WORK REQUEST:
What you return should be the complete data below, word for word, with no pictures in it.
____ DATASET EXTRACT
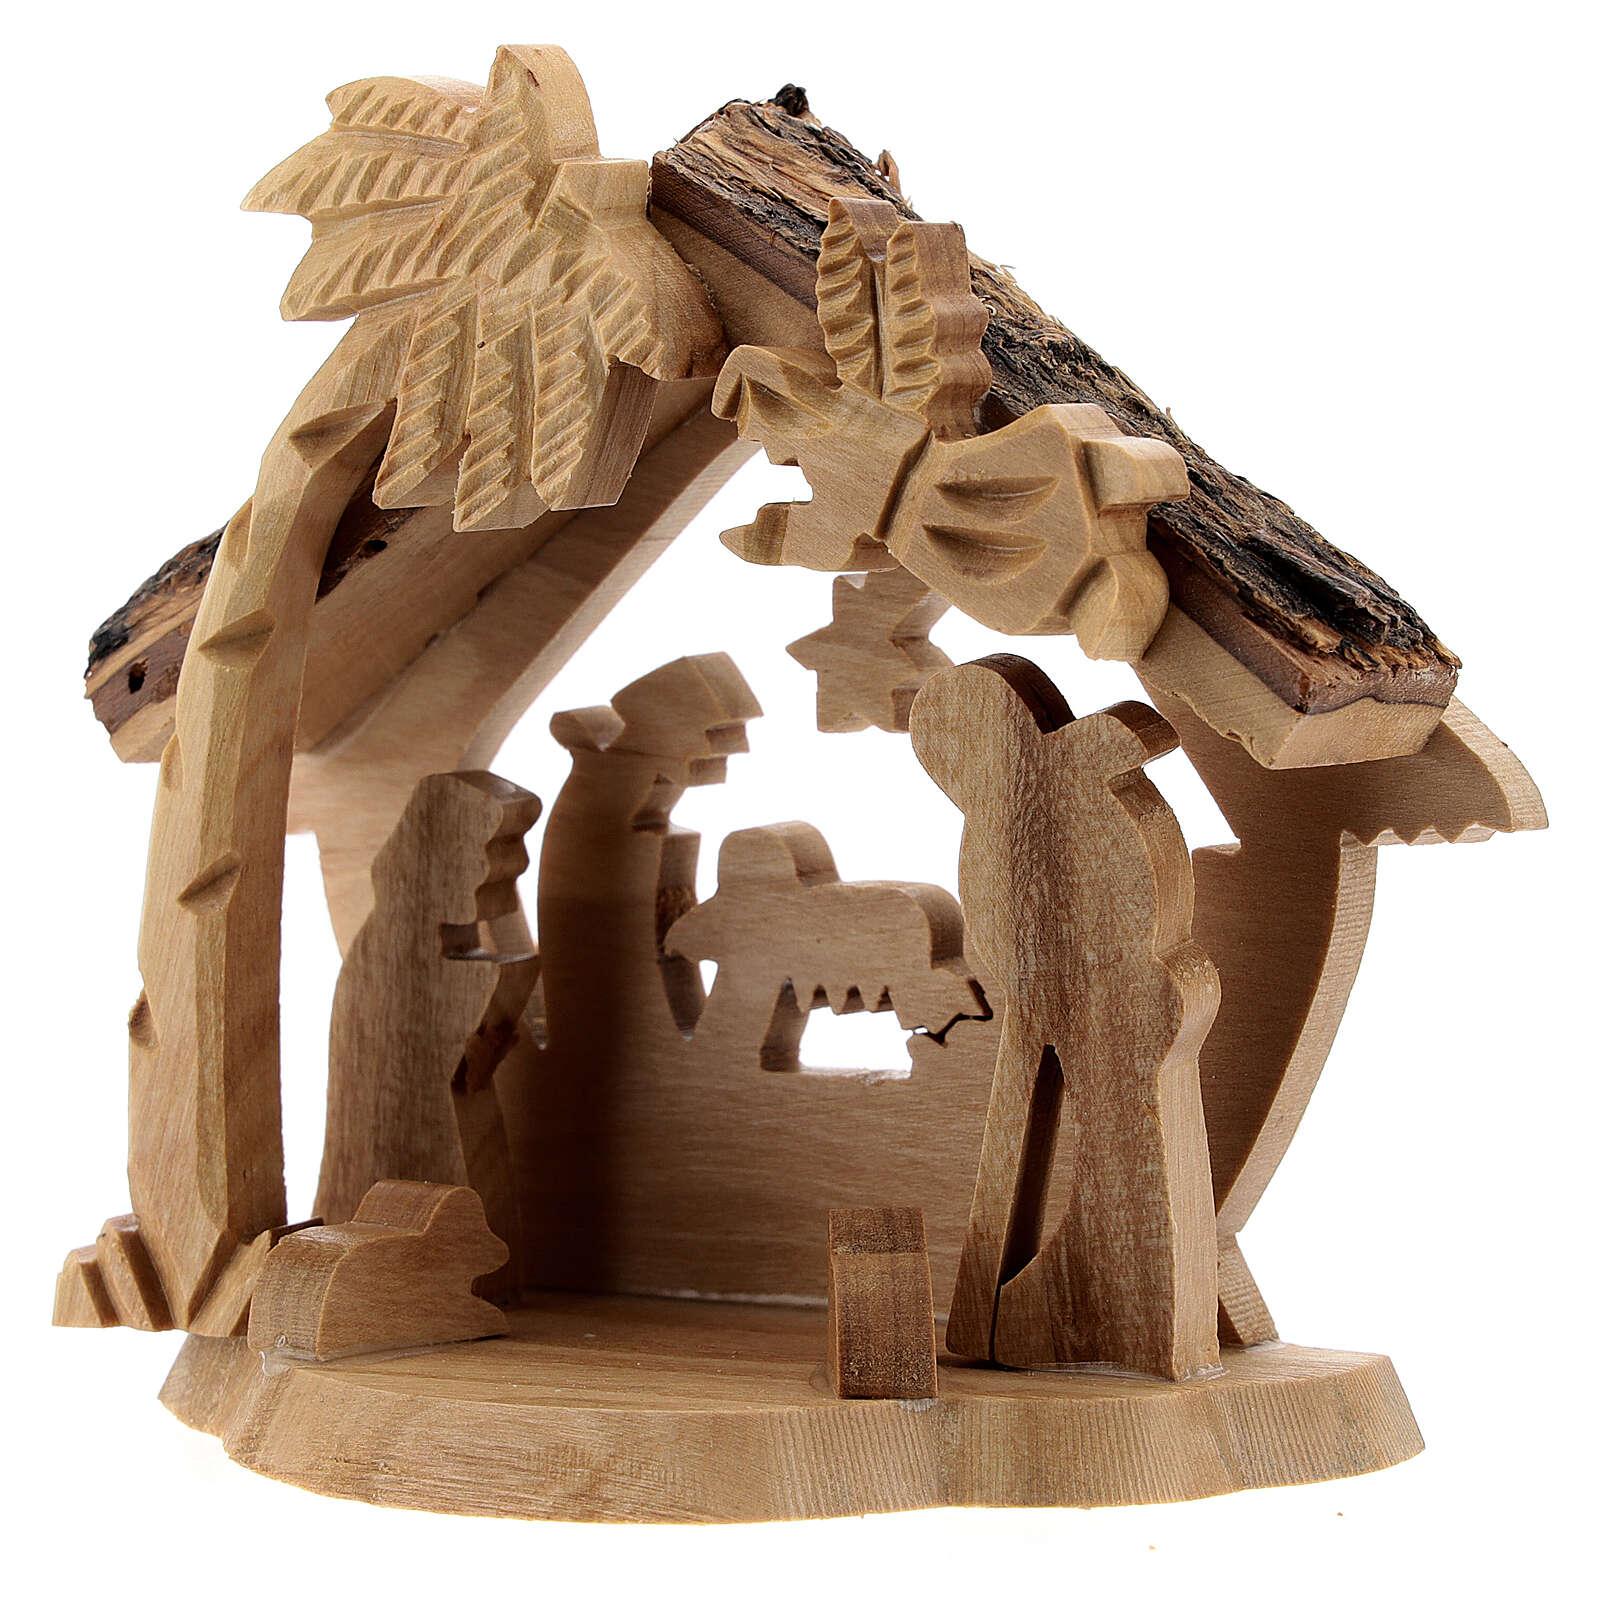 Krippenhütte aus Olivenholz Stil Bethlehem mit Palme, 10x10x5 cm 4
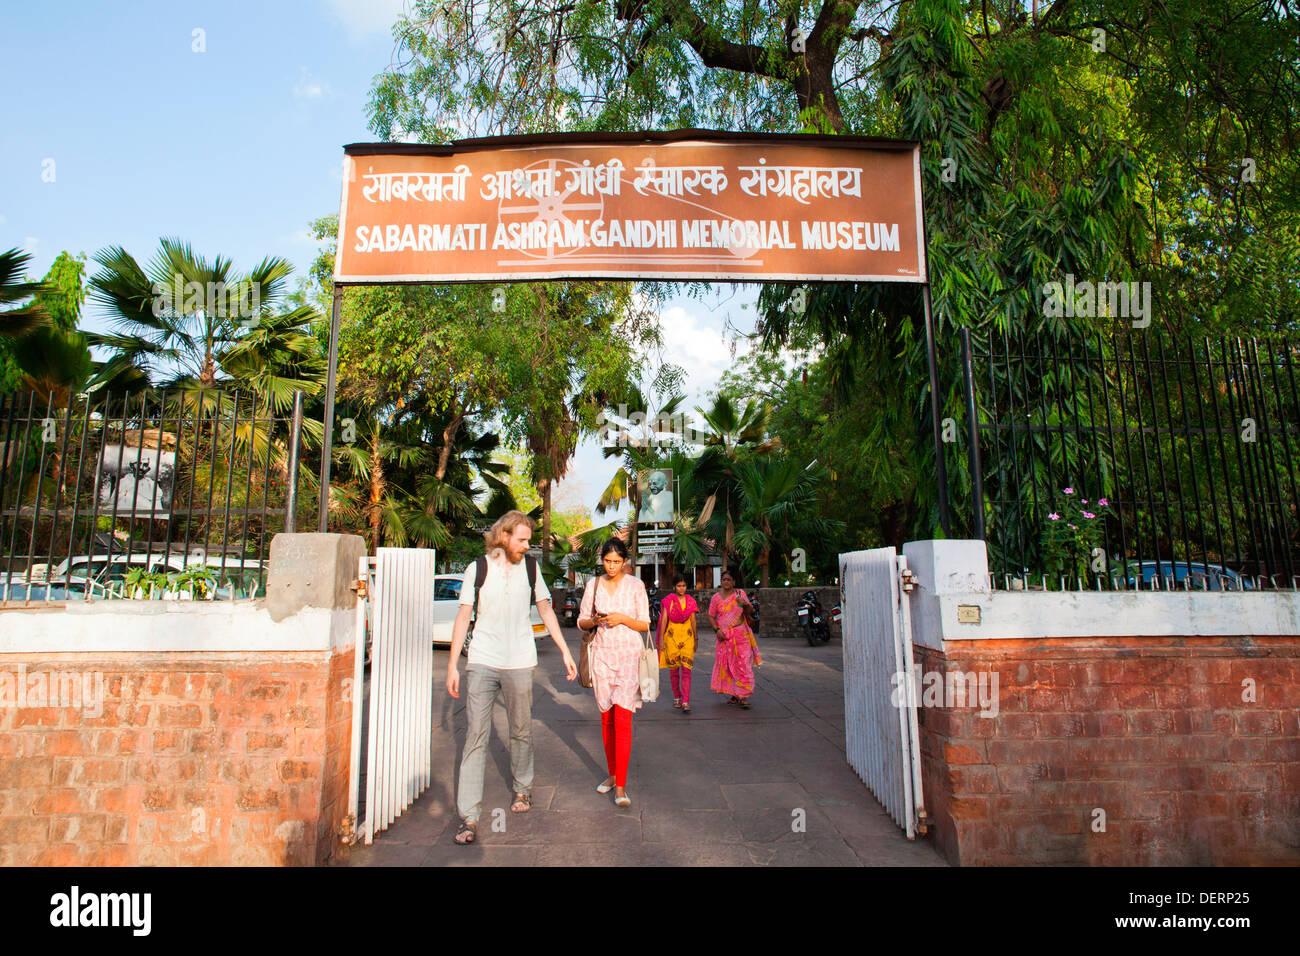 Entrance gate of a museum, Sabarmati Ashram, Ahmedabad, Gujarat, India - Stock Image
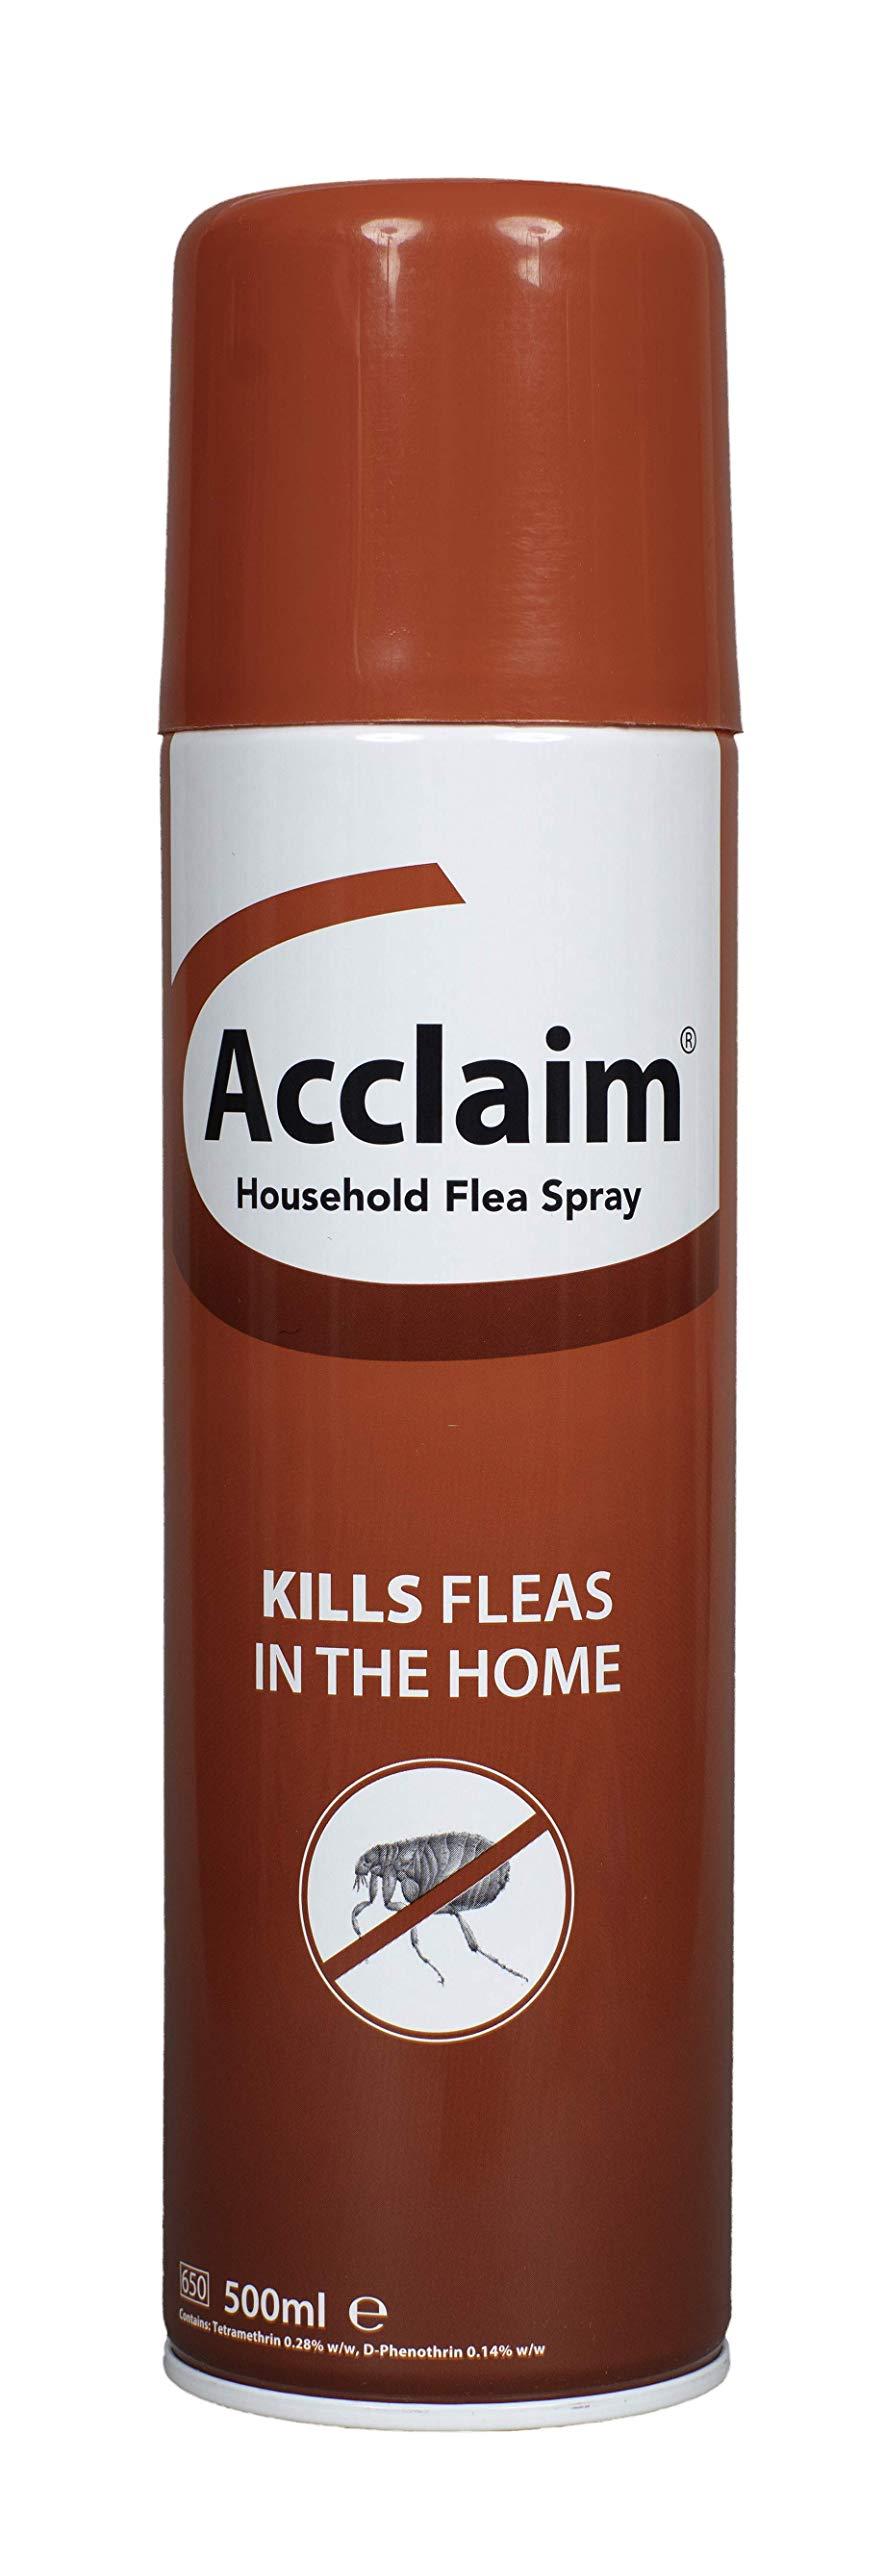 Acclaim Household Flea Spray, 500ml Aerosol
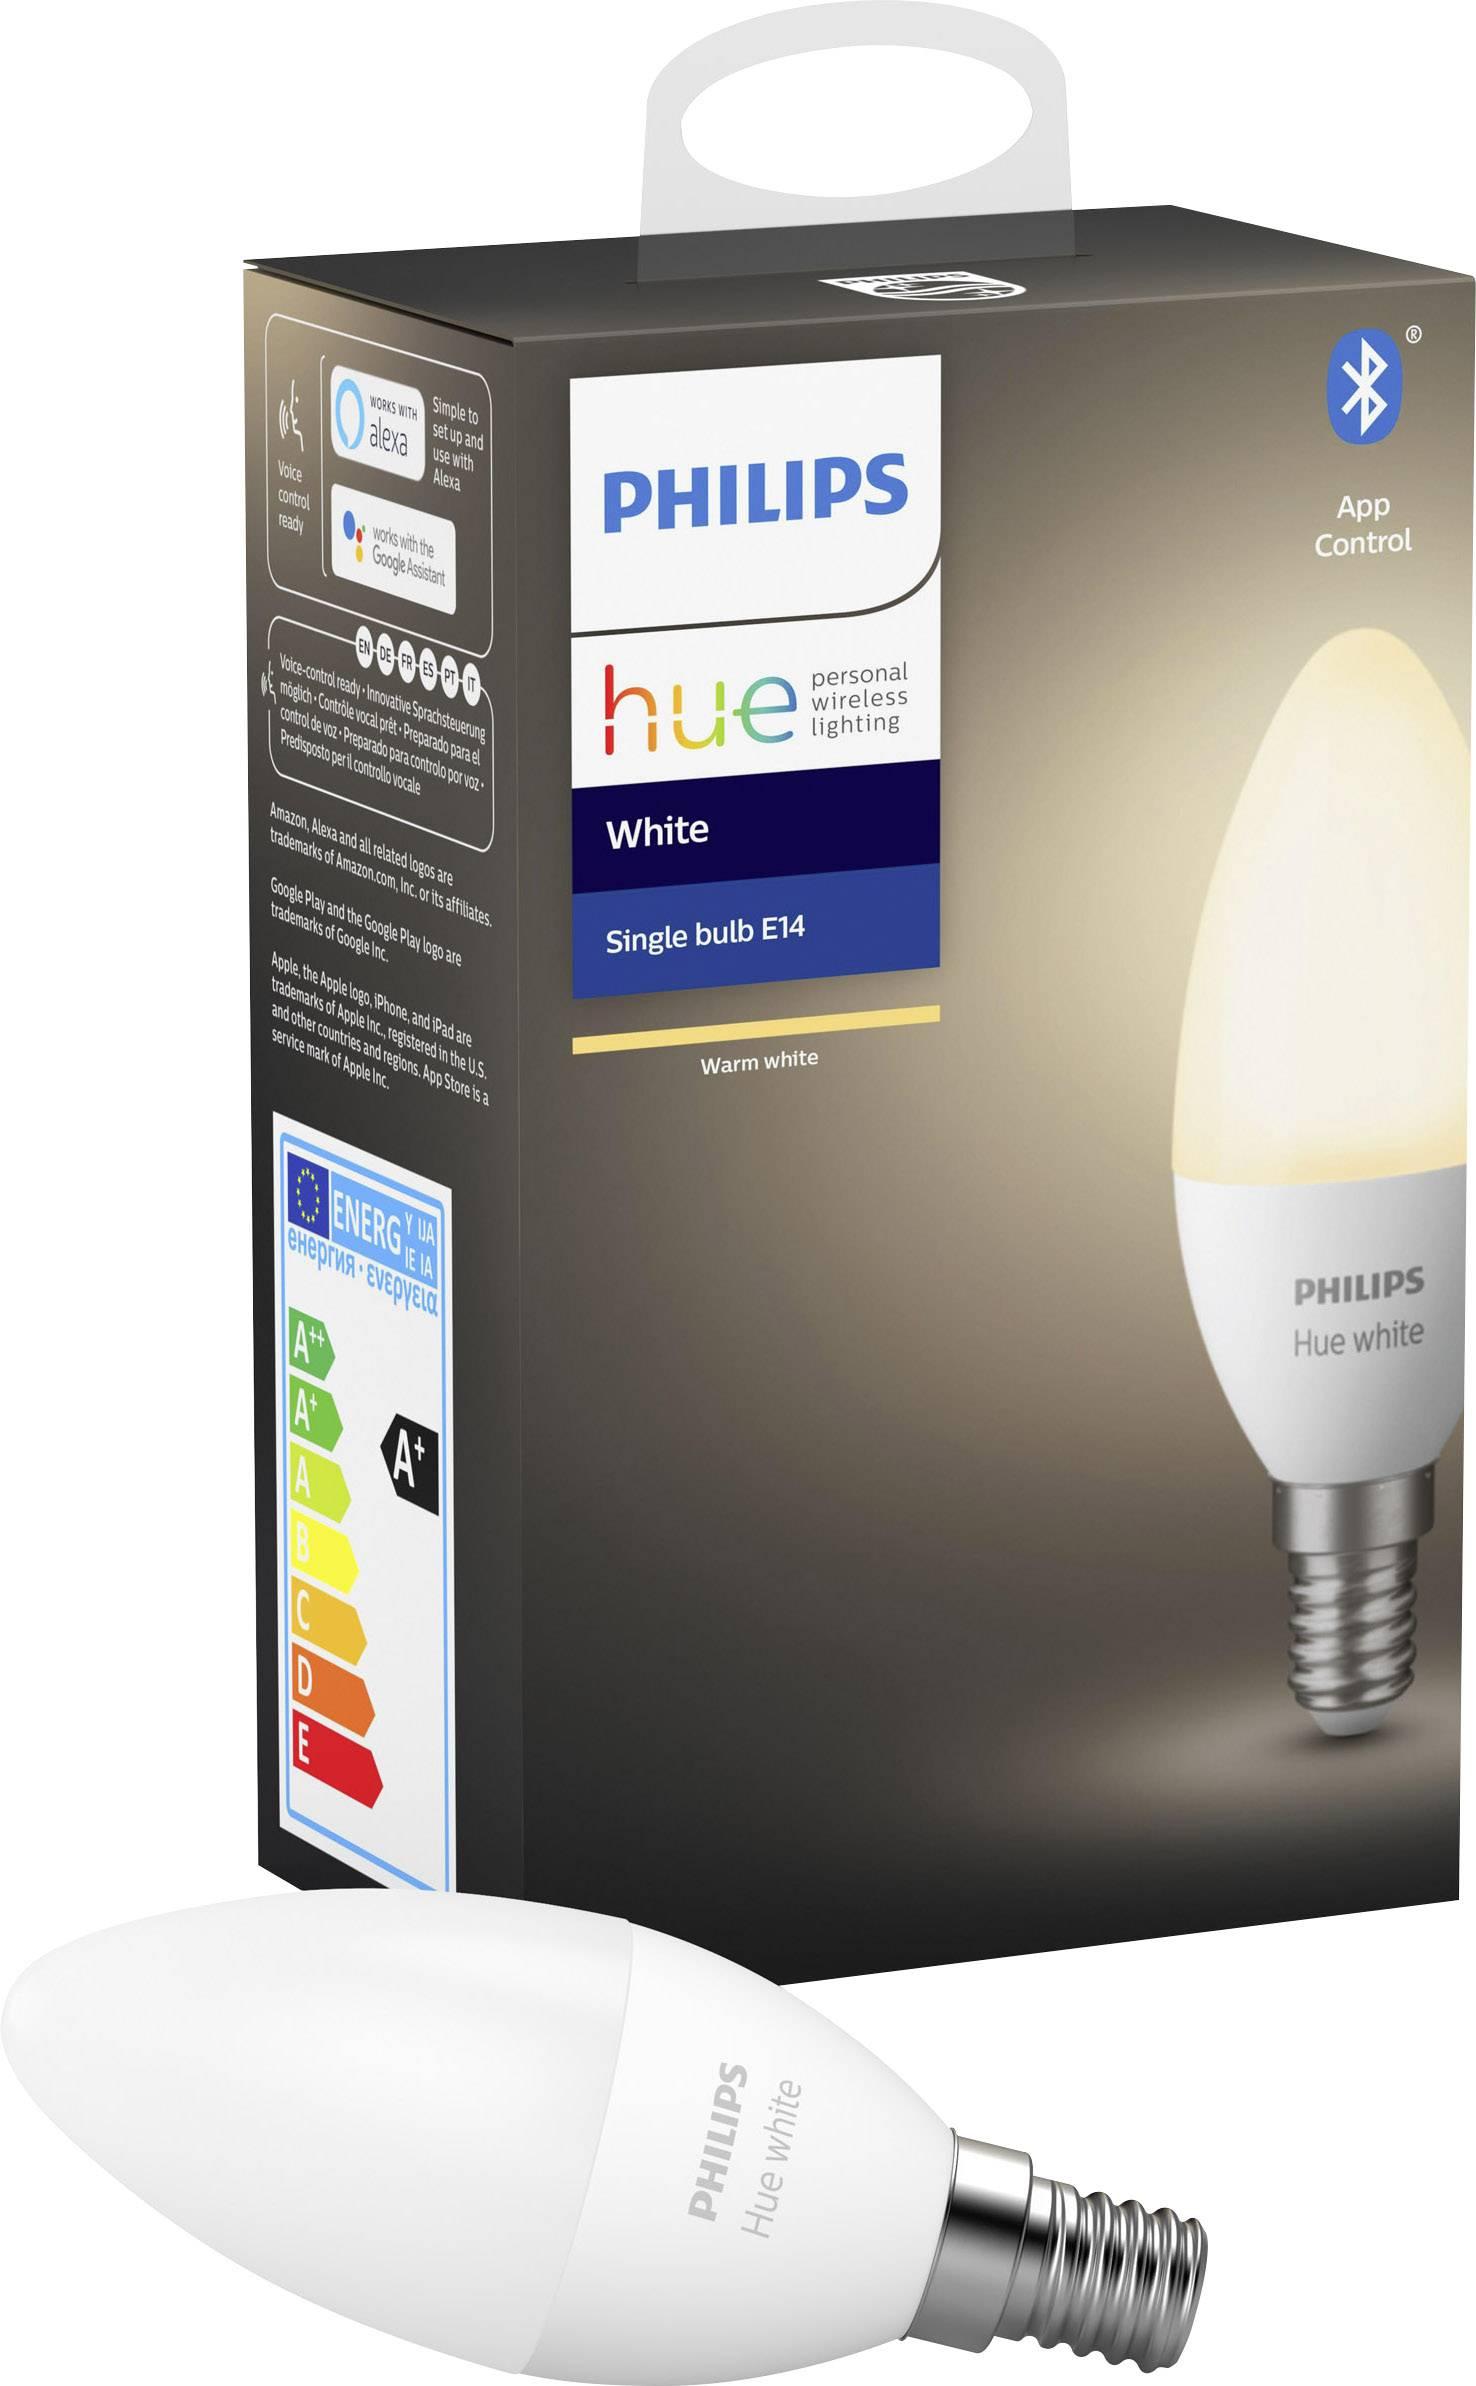 philips lighting hue led light bulb single 929002039901 eec a a e white e14 5 5 w warm white
________
RESULT BELOW:
 Krippenhütte aus Olivenholz Stil Bethlehem mit Palme, 10x10x5 cm 4
 Entrance gate of a museum, Sabarmati Ashram, Ahmedabad, Gujarat, India - Stock Image
 Acclaim Household Flea Spray, 500ml Aerosol
 philips lighting hue led light bulb single 929002039901 eec a a e white e14 5 5 w warm white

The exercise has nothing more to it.